DE-cr commented on June 9, 2024

Just fyi, @fredlcore: To serve the use case of having /Dn deliver the most recent n days worth of data: In case days here means calendar dates and not 24h blocks, I'd approach this by writing an index file alongside datalog.txt, with fixed length entries marking at what position in datalog.txt a new calendar day starts.

In case you're interested: I've created a version that does just that - because I had the time for another programming exercise.

Still no binary datalog.bin (shouldn't make a difference to /Dn) or rolling datalog (would need adapting), though, and only limited testing so far (I have no Arduino, e.g.).

from bsb-lan.

DE-cr commented on June 9, 2024

I've uploaded my new version to https://github.com/DE-cr/BSB-LAN

For the standard use case of plotting the most recent days' worth of log data, it improves the speed in working with those plots and reduces the load on the bsb-lan unit - quite significantly for huge data logs.

This improvement is achieved by both offering /Dn as a new url command, with n now denoting the number of most recent calendar days required, and interactive filters for the plots themselves.

Functional testing has been done on my esp32 system.
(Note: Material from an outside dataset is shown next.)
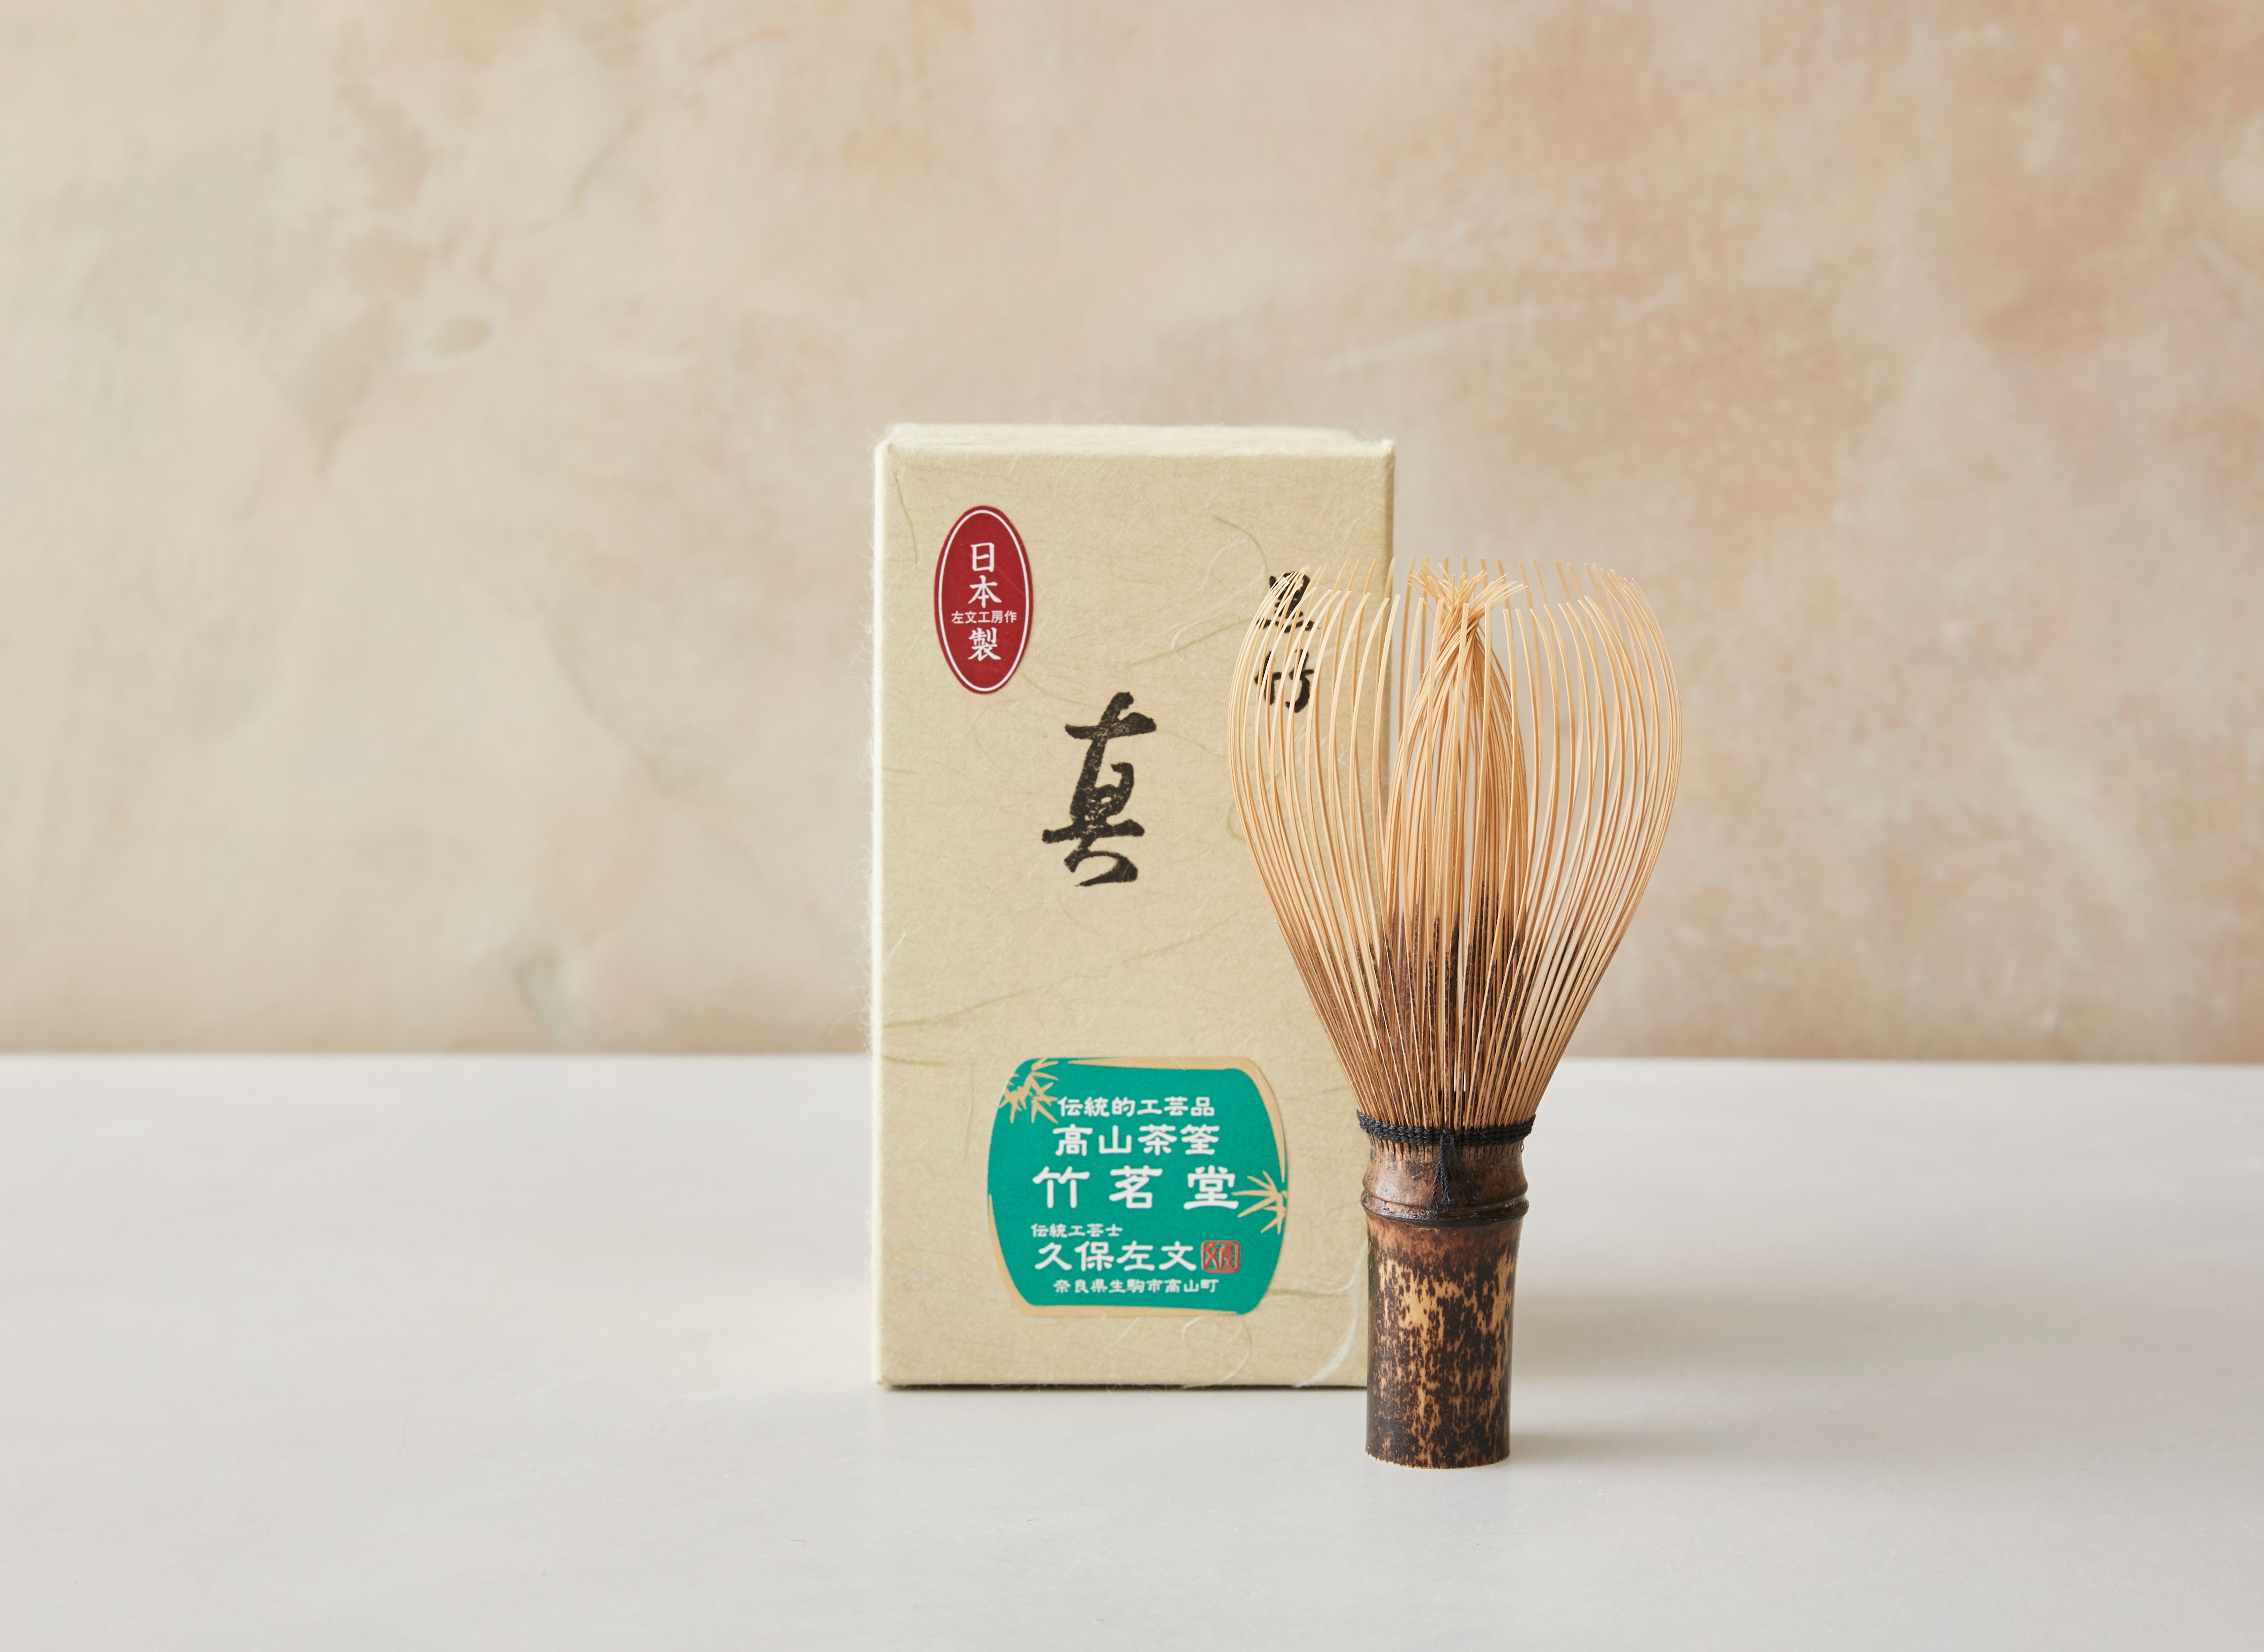 Hakeeta Matcha Whisk, Traditional Natural Bamboo Chasen, Japanese

For arduino, I can only confirm that the changed code compiles.

To address other use cases, further improvements could be added, e.g.:

reduction of time required to read long data logs from an SD card, which might be achievable by changing the file format from "csv" to binary e.g. - as discussed above
providing a new user interface to let the user pick certain dates from the data log for display (/D) before reading the data from file and transferring it to a client via http

from bsb-lan.

DE-cr commented on June 9, 2024

@CZvacko you might want to take a look at #542, which imo should address this feature request here nicely. Please note, though, that the date selection (and with that, looking at the data in /DG) will only be possible for data logged after applying my PR (however, a data log started before will still be accessible in full via /D).
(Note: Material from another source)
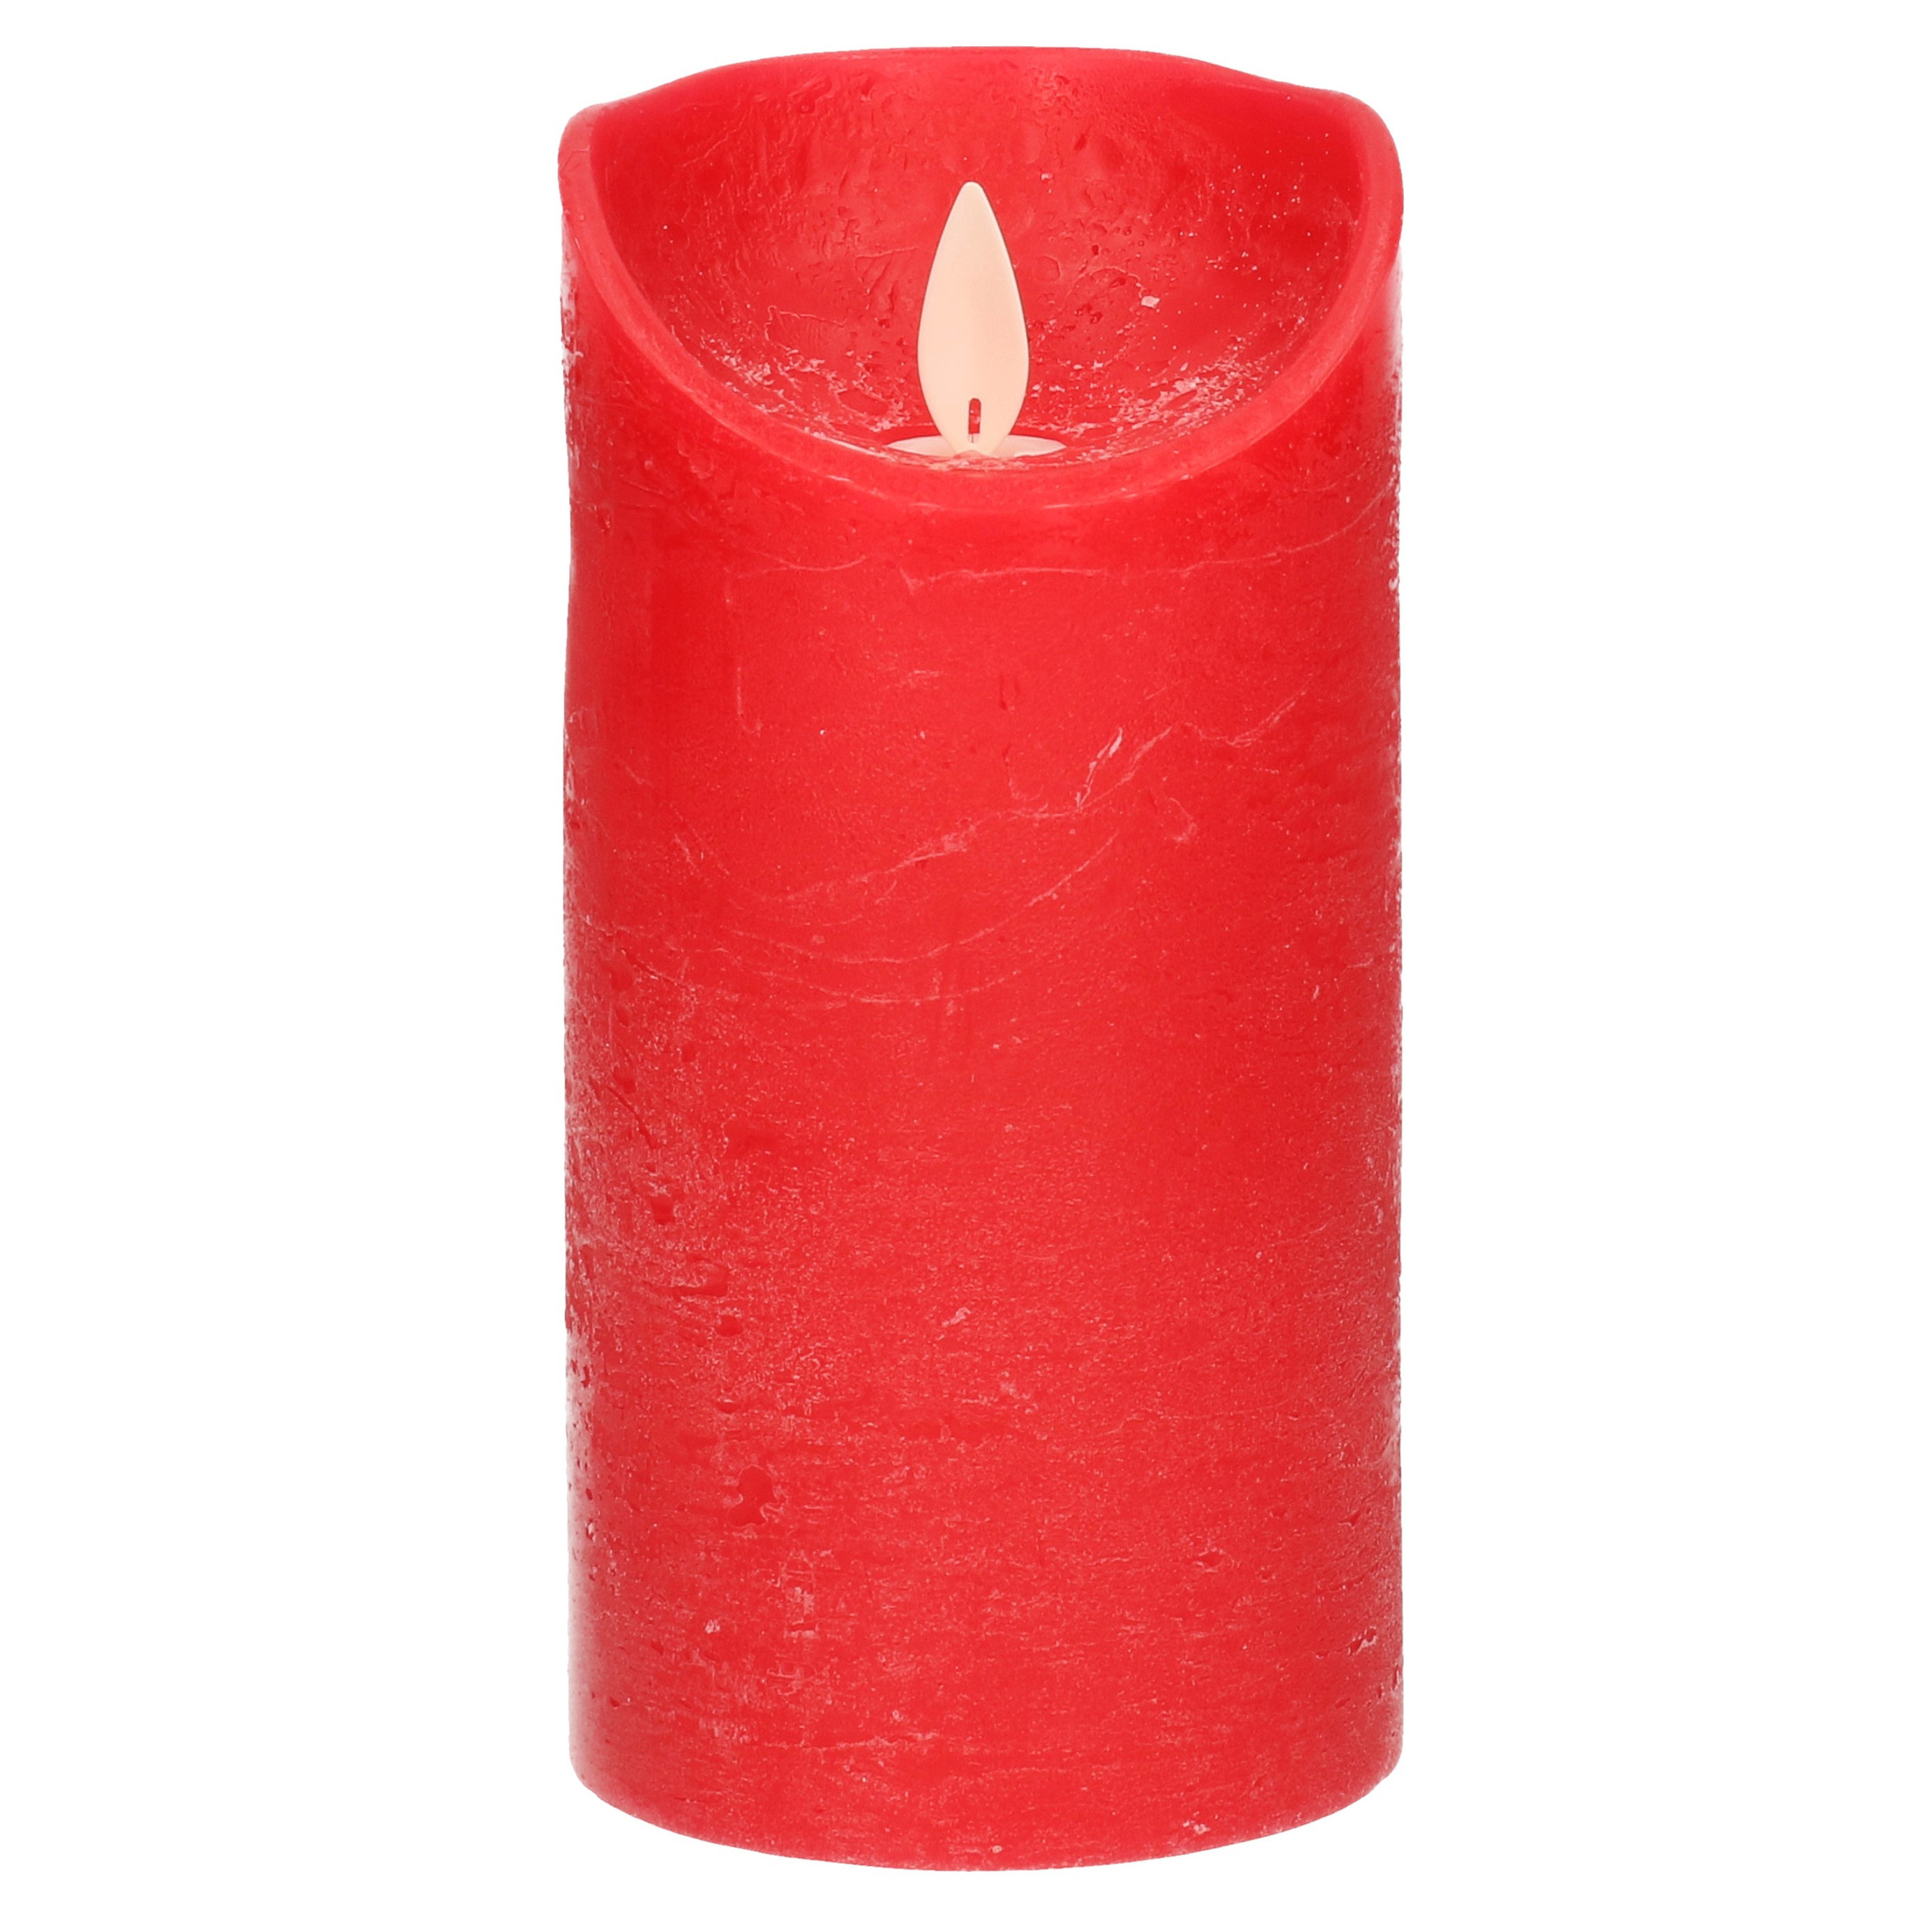 1x LED kaarsen-stompkaarsen rood met dansvlam 15 cm

@fredlcore the reasons, why I haven't tackled the conversion to a binary format for the log file (yet?) are:

For common use cases (looking at a few days' data only), I don't really see a need for a (possible) speed increase in reading data from the SD card. (Is SD card reading on bsb-lan hardware really the limiting factor here, not (W)LAN transmission (or /DG rendering!)?)
Even with reducing the transfer time by a factor of 3-4, using /D on a data log measuring several MB or even GB would still be painful. For such a use case, my personal recommendation would be to either periodically transfer the most recent days' worth only (/Dn in my PR) and combine those data logs on the computer used to evaluate them, or transfer the SD card to a computer which can read it much faster.
With a binary data log file, interpreting the file from the SD card on a system other than bsb-lan would be much more difficult (probably impossible for most users?).
You've said you want to try your hands at implementing a binary datalog file format yourself. ;)
As for a rolling data log: The only use case I see for that is with limited file storage space, e.g. on naked ESP32 systems w/o an SD card. However, even there some user will prefer to have the logging stopped when storage space runs out, instead of overwriting older data. (What other use cases do you have in mind?)
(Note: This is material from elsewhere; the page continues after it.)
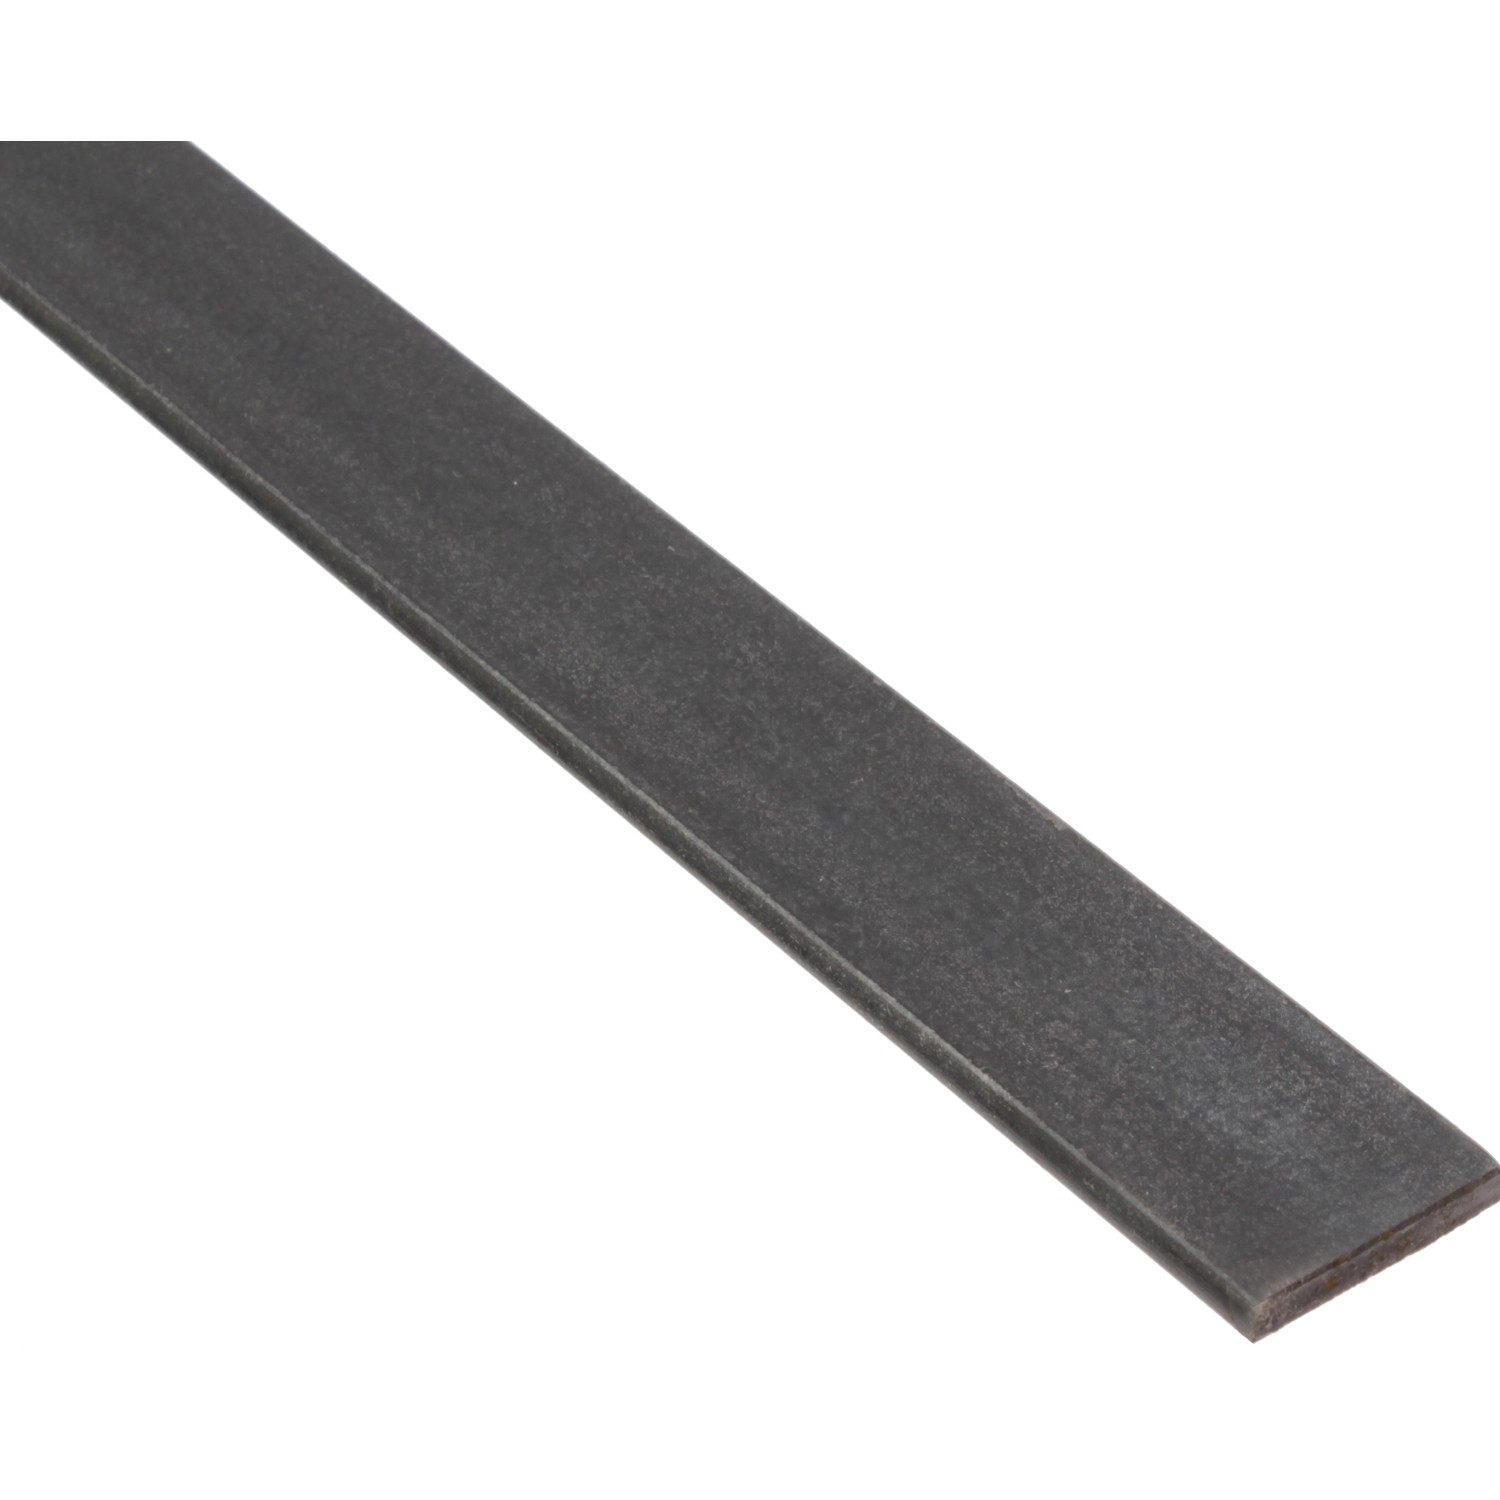 Flachstange Stahl roh Warm gewalzt 2000 mm x 15 mm x 5 mm

I've reasonably tested my PR, but only on the one system I have available: a naked ESP32. Therefore I would appreciate others testing its functionality on different bsb-lan hardware, most notably an Arduino and/or using an SD card.

from bsb-lan.

fredlcore commented on June 9, 2024

Yes, the SD card is the limiting factor here. Transferring data via /D is around 150kb/s, that's just the plain data file read from SD and sent out via LAN without any browser rendering. That's way below the data rates that are usually possible with LAN transfers and an ESP32. Reducing this time by factor of 3-4 would already make quite a difference.
A common use case is to activate logging and not worry about it until you notice that something is wrong. Then you want to go back some days or weeks to identify since when the problem occurs. If in the meantime logging has stopped because the SD card is full, then you are out of luck. That's why a rolling data approach is necessary where the user defines how many days/months he wants to be able to go back to.
Users can still read the SD card data. I'll write a small Perl script to do the decoding. But there is hardly any scenario why a user wouldn't just use /D and simply download the CSV data without the nuisance of going to the BSB-LAN installation (which might not even be where you are), remove the SD card, read the data on the PC and reinsert it back and in the meantime lose the data that would have been recorded inbetween.
Yes, I said I'll take care of the binary rolling data when I have the time for it. But I won't stop you if you want to do it. If you want to do it, we should discuss the details first.

from bsb-lan.

DE-cr commented on June 9, 2024

Thanks for the clarification/confirmation, @fredlcore!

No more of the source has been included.